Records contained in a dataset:

▼

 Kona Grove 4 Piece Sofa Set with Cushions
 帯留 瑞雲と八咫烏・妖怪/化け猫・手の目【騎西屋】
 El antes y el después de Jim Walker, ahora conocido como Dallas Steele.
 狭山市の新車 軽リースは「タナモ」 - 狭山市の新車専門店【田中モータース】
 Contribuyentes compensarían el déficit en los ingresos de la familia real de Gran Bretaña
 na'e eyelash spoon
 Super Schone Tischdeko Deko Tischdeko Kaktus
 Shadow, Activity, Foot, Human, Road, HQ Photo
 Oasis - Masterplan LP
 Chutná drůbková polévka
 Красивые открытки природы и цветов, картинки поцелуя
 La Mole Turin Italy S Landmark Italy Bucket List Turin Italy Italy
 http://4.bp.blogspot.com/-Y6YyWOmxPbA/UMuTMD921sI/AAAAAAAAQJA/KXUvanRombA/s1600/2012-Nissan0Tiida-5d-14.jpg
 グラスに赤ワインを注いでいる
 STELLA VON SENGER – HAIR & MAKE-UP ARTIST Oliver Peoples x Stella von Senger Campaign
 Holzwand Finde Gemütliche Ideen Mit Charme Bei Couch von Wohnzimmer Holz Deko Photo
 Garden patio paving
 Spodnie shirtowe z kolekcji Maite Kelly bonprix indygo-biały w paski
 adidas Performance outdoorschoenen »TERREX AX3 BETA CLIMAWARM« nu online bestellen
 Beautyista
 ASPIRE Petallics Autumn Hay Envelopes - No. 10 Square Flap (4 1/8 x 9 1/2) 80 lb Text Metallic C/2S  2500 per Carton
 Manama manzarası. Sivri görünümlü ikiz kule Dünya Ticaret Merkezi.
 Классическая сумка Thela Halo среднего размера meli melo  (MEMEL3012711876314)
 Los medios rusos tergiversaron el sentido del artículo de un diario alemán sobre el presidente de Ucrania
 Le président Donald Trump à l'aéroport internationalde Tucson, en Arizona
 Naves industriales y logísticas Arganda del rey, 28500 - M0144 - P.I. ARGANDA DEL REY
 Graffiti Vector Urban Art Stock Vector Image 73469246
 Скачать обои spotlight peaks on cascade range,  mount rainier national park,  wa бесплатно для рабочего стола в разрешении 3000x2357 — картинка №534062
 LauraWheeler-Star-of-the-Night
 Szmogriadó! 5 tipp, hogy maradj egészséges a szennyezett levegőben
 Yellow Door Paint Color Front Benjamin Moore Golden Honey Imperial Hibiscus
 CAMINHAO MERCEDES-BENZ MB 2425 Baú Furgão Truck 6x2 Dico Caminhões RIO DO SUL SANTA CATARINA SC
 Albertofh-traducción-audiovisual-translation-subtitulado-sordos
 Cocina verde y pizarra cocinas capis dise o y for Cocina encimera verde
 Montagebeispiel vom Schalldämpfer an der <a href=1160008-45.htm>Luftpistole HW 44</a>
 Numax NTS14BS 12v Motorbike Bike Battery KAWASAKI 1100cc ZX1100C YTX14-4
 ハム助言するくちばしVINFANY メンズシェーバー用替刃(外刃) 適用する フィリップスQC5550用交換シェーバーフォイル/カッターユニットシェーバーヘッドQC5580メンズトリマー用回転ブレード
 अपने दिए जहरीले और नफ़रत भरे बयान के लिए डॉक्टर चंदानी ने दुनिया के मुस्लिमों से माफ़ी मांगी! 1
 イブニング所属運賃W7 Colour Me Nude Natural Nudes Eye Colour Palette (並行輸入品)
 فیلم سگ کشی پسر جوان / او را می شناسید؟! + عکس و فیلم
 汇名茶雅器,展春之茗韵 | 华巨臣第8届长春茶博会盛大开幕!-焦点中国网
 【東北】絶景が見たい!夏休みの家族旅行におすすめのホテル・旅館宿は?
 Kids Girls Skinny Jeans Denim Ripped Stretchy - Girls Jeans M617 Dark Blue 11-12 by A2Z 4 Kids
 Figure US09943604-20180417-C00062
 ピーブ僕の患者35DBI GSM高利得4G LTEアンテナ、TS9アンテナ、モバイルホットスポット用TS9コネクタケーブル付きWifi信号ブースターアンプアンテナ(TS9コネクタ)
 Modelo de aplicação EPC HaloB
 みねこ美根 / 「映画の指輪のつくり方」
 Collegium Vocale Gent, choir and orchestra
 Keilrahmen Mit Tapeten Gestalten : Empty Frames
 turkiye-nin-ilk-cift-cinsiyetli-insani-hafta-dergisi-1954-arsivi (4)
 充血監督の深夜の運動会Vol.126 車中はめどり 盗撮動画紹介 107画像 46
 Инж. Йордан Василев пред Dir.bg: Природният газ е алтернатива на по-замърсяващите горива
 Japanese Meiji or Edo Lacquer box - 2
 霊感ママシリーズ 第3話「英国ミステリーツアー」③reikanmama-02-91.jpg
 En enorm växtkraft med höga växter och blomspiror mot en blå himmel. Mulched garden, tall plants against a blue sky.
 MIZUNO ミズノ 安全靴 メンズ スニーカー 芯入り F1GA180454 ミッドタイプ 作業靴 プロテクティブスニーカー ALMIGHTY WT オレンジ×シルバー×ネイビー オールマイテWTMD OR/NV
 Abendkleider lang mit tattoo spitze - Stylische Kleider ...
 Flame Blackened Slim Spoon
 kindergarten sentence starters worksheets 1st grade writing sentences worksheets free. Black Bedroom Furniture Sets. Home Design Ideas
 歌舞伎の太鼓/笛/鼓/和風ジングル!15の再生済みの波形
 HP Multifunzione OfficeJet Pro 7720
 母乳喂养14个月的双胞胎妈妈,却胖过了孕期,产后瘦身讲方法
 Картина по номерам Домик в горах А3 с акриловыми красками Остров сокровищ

▲

- **Task**
Retype exactly. Start at the line with "Figure US09943604-20180417-C00062" and stop at the last line of the data.

- **Problem solution**
 Figure US09943604-20180417-C00062
 ピーブ僕の患者35DBI GSM高利得4G LTEアンテナ、TS9アンテナ、モバイルホットスポット用TS9コネクタケーブル付きWifi信号ブースターアンプアンテナ(TS9コネクタ)
 Modelo de aplicação EPC HaloB
 みねこ美根 / 「映画の指輪のつくり方」
 Collegium Vocale Gent, choir and orchestra
 Keilrahmen Mit Tapeten Gestalten : Empty Frames
 turkiye-nin-ilk-cift-cinsiyetli-insani-hafta-dergisi-1954-arsivi (4)
 充血監督の深夜の運動会Vol.126 車中はめどり 盗撮動画紹介 107画像 46
 Инж. Йордан Василев пред Dir.bg: Природният газ е алтернатива на по-замърсяващите горива
 Japanese Meiji or Edo Lacquer box - 2
 霊感ママシリーズ 第3話「英国ミステリーツアー」③reikanmama-02-91.jpg
 En enorm växtkraft med höga växter och blomspiror mot en blå himmel. Mulched garden, tall plants against a blue sky.
 MIZUNO ミズノ 安全靴 メンズ スニーカー 芯入り F1GA180454 ミッドタイプ 作業靴 プロテクティブスニーカー ALMIGHTY WT オレンジ×シルバー×ネイビー オールマイテWTMD OR/NV
 Abendkleider lang mit tattoo spitze - Stylische Kleider ...
 Flame Blackened Slim Spoon
 kindergarten sentence starters worksheets 1st grade writing sentences worksheets free. Black Bedroom Furniture Sets. Home Design Ideas
 歌舞伎の太鼓/笛/鼓/和風ジングル!15の再生済みの波形
 HP Multifunzione OfficeJet Pro 7720
 母乳喂养14个月的双胞胎妈妈,却胖过了孕期,产后瘦身讲方法
 Картина по номерам Домик в горах А3 с акриловыми красками Остров сокровищ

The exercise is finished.